Take an agent you run or have read about that writes code or files. For each of the four surfaces, write down the current state of your instrumentation: (1) logging — is the transcript captured, and where is it durably kept beyond the local 30-day sweep? (2) tracing — are you emitting to the OTel GenAI convention, a vendor schema, or nothing? (3) attribution — can you walk from a merged diff back to the run that produced it? (4) cost-surfacing — where do you watch the cost, and do you know which displayed number is an estimate versus authoritative? Then mark which gap would hurt most during an incident — and note explicitly any place where you were about to write down “the gate” (ch26) or “reduce the bill” (ch25), because those are not observability gaps.

Exercise solutions

Solution ↑ Exercise

The ground truth is the session log — the per-session JSONL transcript Claude Code writes for each run, recording every message, tool call, and tool result. The four surfaces are logging (capturing and retaining that transcript), tracing (re-rendering the run as OTel GenAI spans and metrics), attribution (tying a commit/PR back to the run that produced it), and cost-surfacing (showing token/dollar usage at the CLI, team-dashboard, and Console altitudes). The ground truth is primary because it is the literal, authoritative record of what the agent did; the other three are views — a trace re-renders it, an attributed commit points back to it, a cost figure is computed from the tokens in it — so each is only as durable and authoritative as the log beneath it.
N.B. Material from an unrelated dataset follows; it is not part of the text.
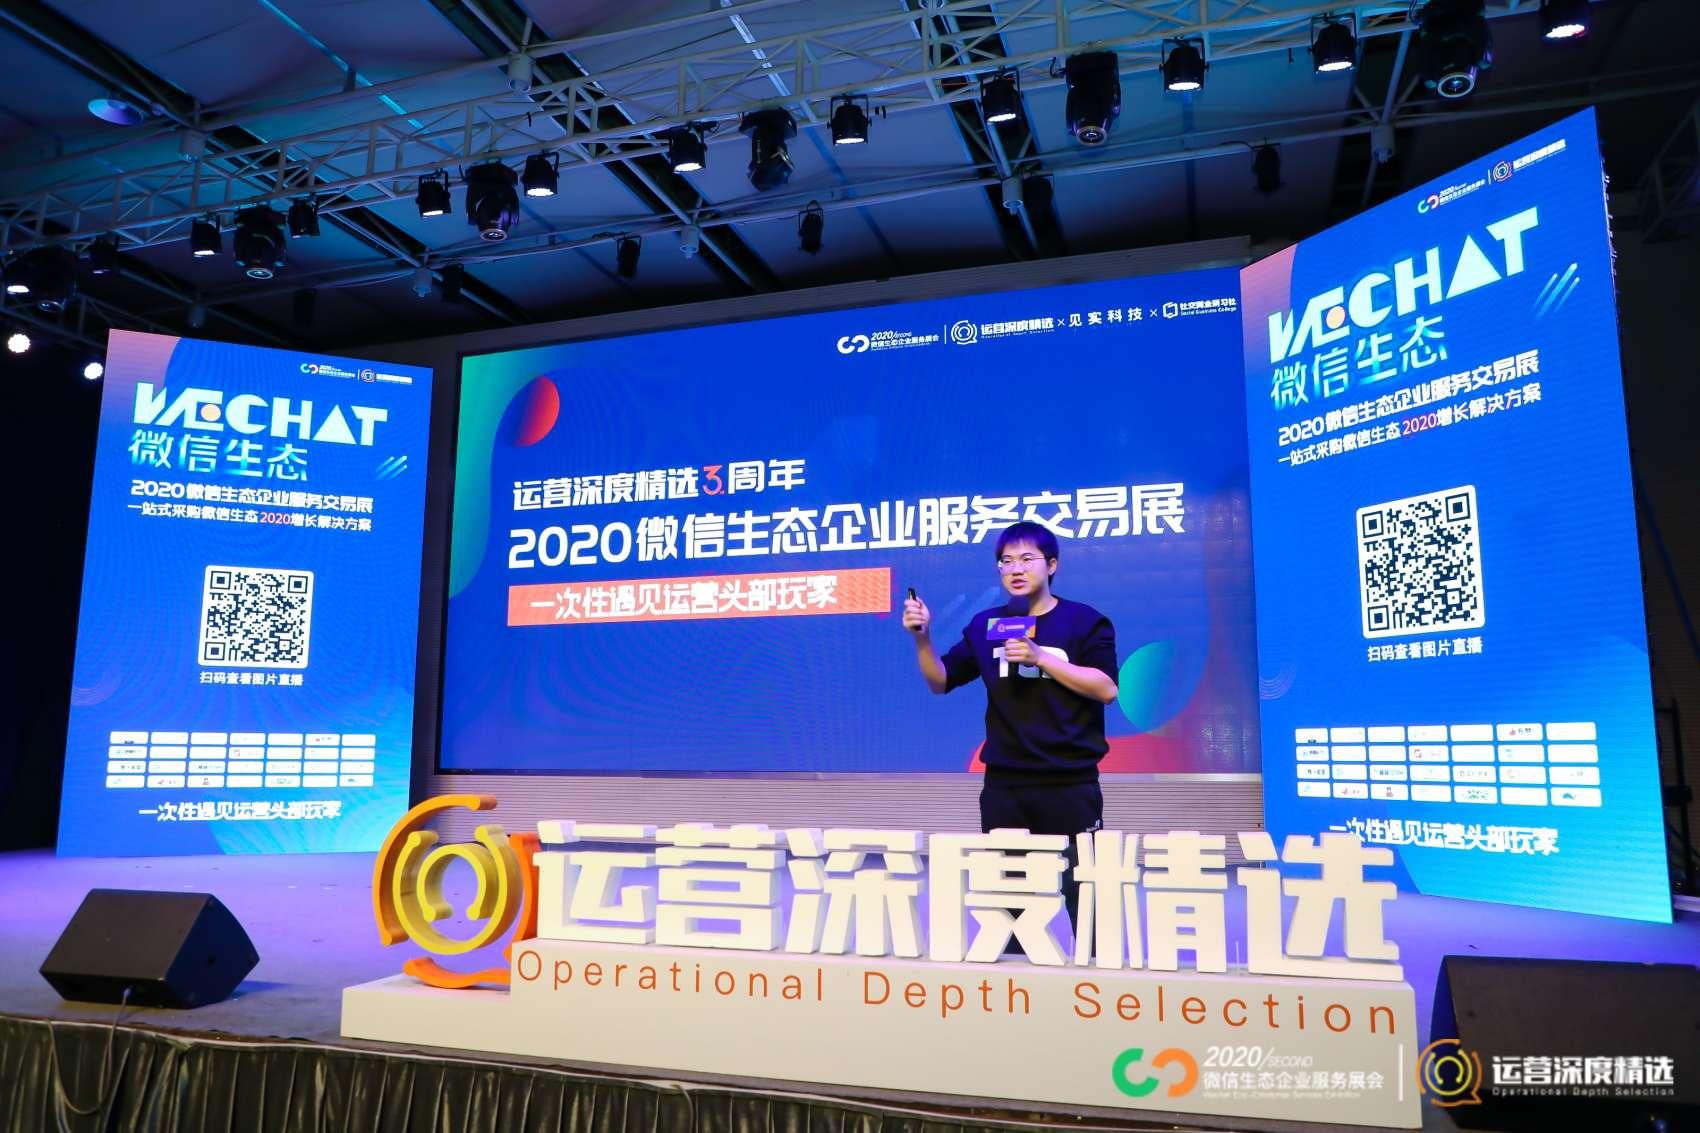 第二屆參加2020微信生態企業服務展會——深圳場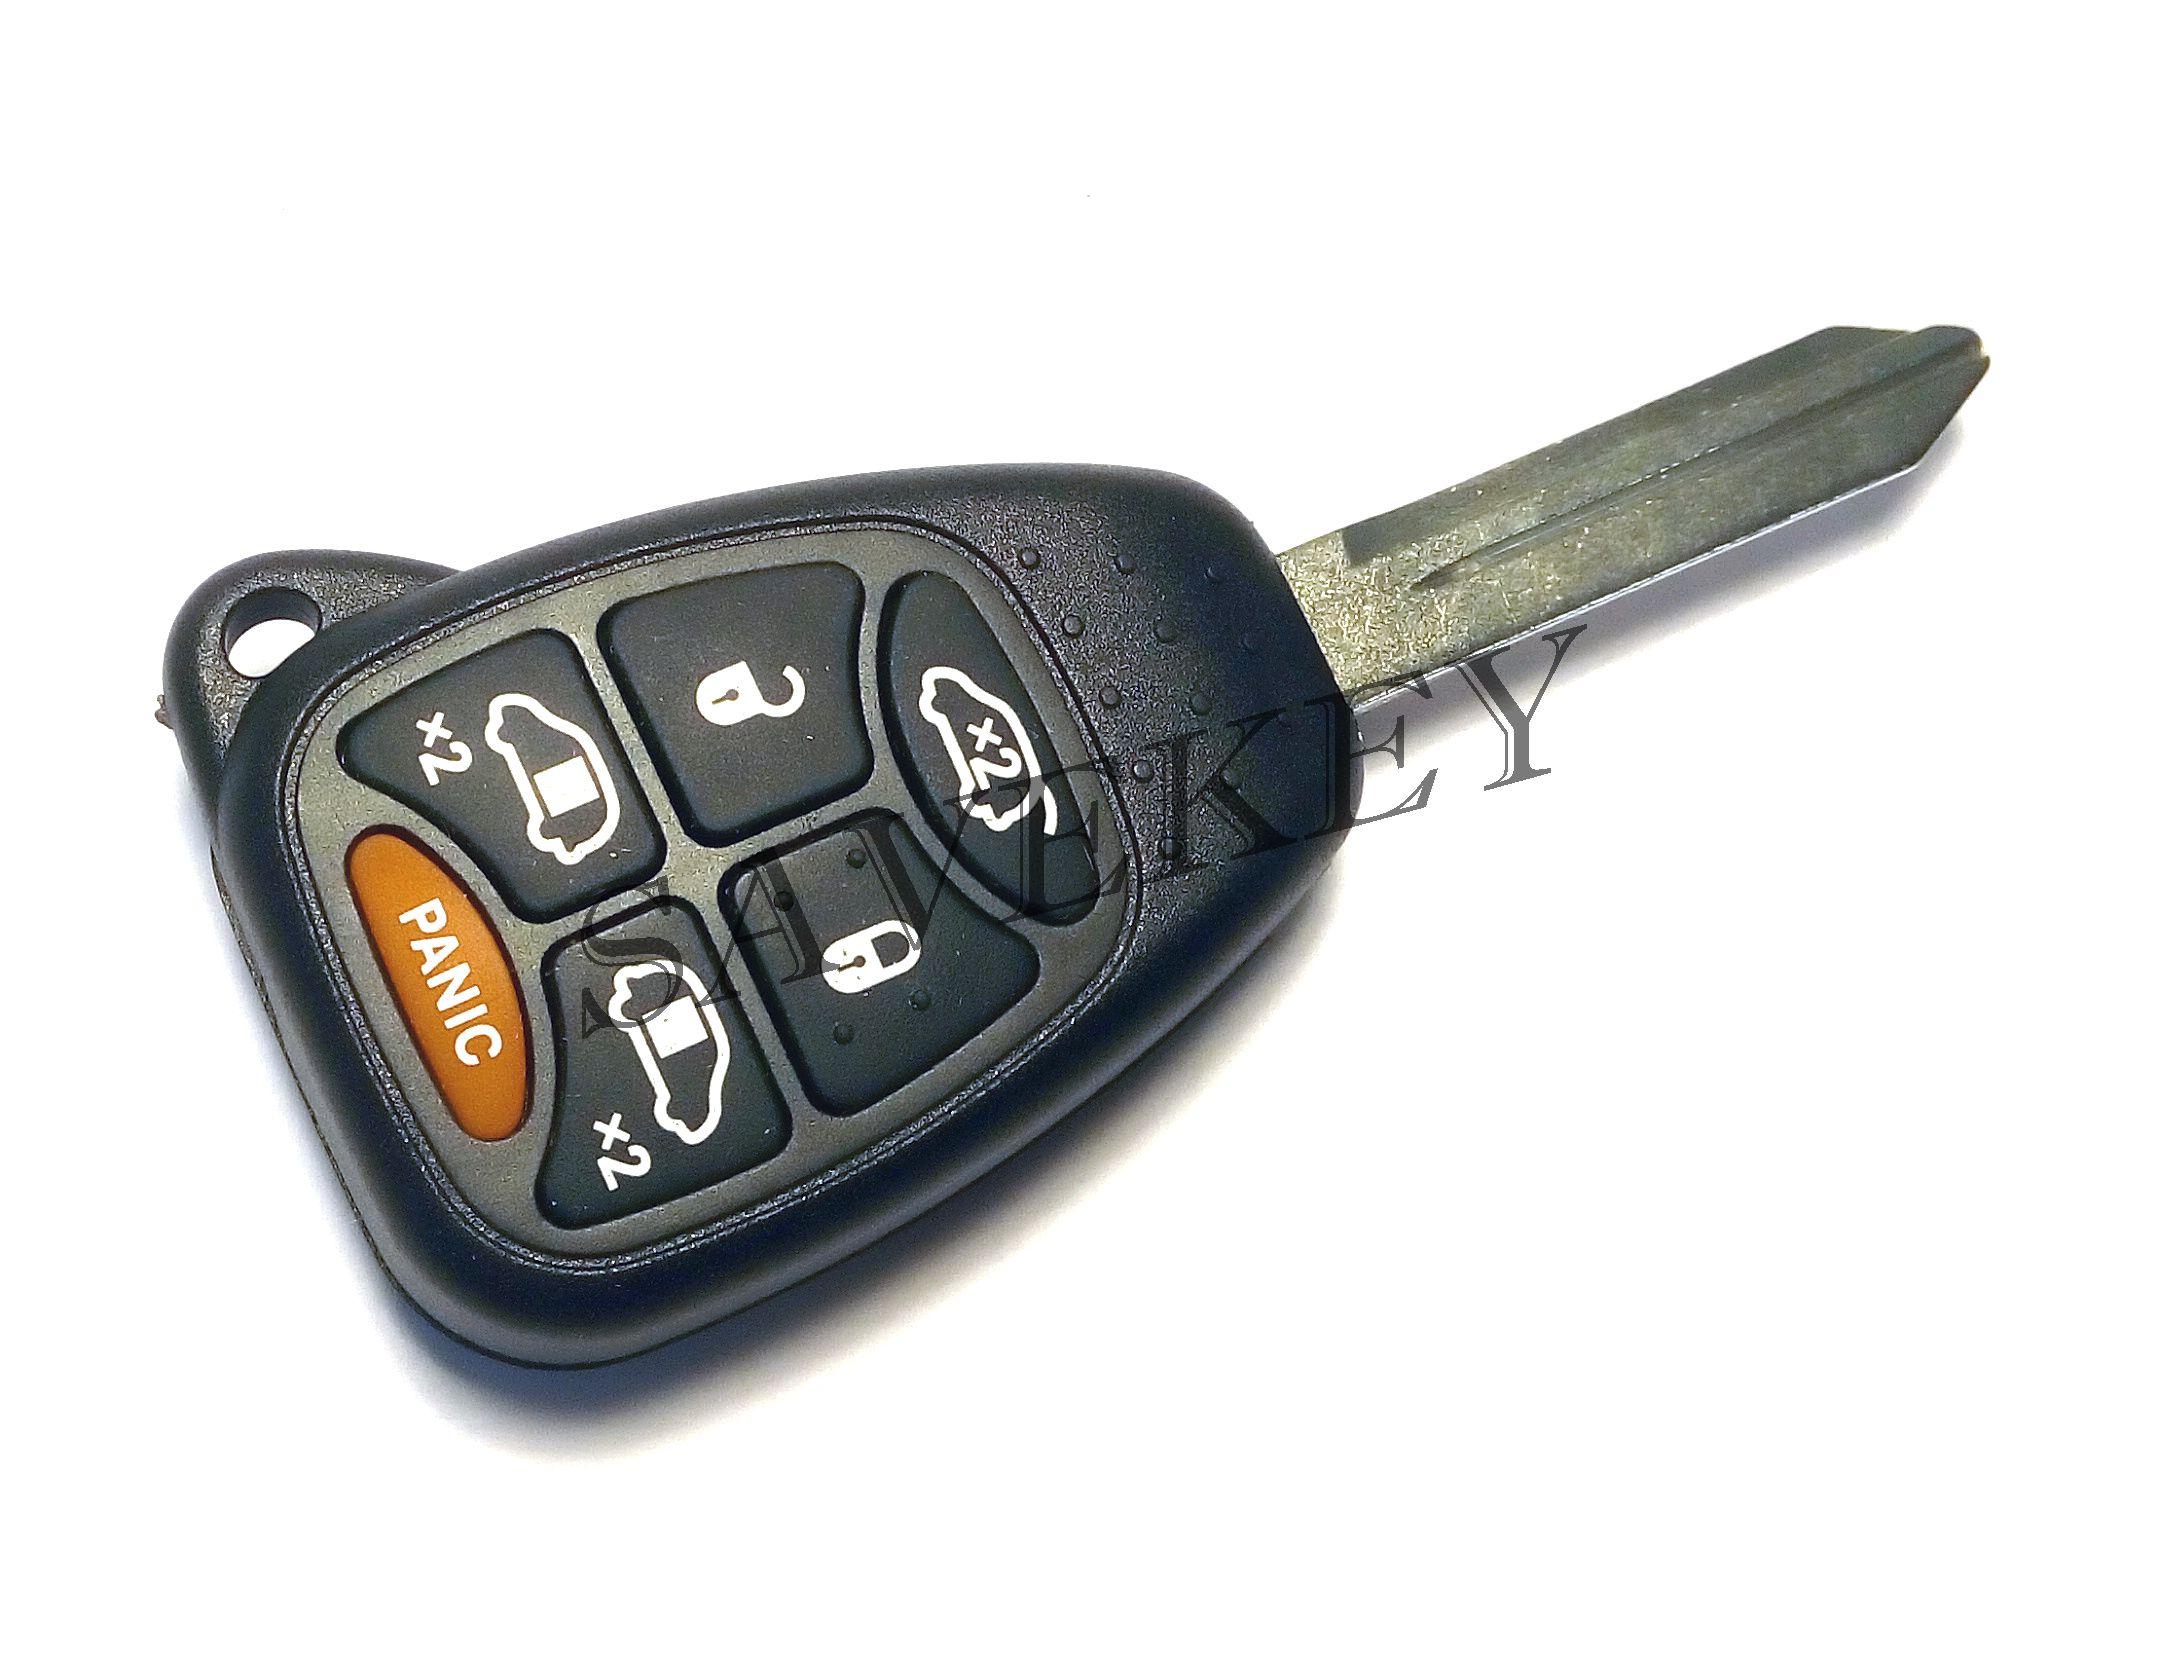 Дистанционный ключ Dodge для моделей Caliber, Caravan, Durango, Journeo, Neon, Ram, Stratus 6 кнопок 433 Mhz

On attribution: it claims provenance — which run produced this diff, via the Co-Authored-By trailer and the GitHub-App commit identity — and it does not claim approval, i.e. it does not decide whether the diff may be merged; that gate is the human-in-the-loop oversight workflow, which ch26 owns. Conflating the two mistakes a label for a checkpoint.

Solution ↑ Exercise

A worked example. Take a documentation-writing agent that opens PRs. Logging: “Transcripts are written to the local ~/.claude/projects/ JSONL, but we never set up a SessionStore mirror — so anything past the 30-day cleanupPeriodDays sweep is gone. That is our durable-history gap.” Tracing: “We enabled telemetry but pointed it at a vendor-named dashboard; a standard OTel collector wouldn’t recognize our spans. Re-instrumenting to the GenAI convention (gen_ai.*, claude_code.interaction aligning to it) would make the backend swappable — though the names are Development-status, so I’ll pin a recheck.” Attribution: “Commits carry the default Co-Authored-By trailer, so I can walk from a merged doc-PR back to the run — provenance is fine.” Cost-surfacing: “I watch /usage mid-run and the Console for the monthly figure, but I’d been treating the /usage dollar number as the bill — it’s a local estimate that ‘may differ from your actual bill.’” Most painful during an incident: the logging gap — if a bad PR shipped and the run is older than 30 days with no mirror, there is no transcript to reconstruct from, and every other surface is a view of a record that no longer exists, so I’d mirror via SessionStore first. Pulled out as non-observability: “add a human gate before the PR merges” is ch26 (oversight), not a logging/tracing gap; and “the bill is too high, reduce it” is ch25 (cost modeling), not cost-surfacing — surfacing only shows the number. The exercise’s value is feeling that two of the four surfaces are easy to over-read into decisions they don’t make.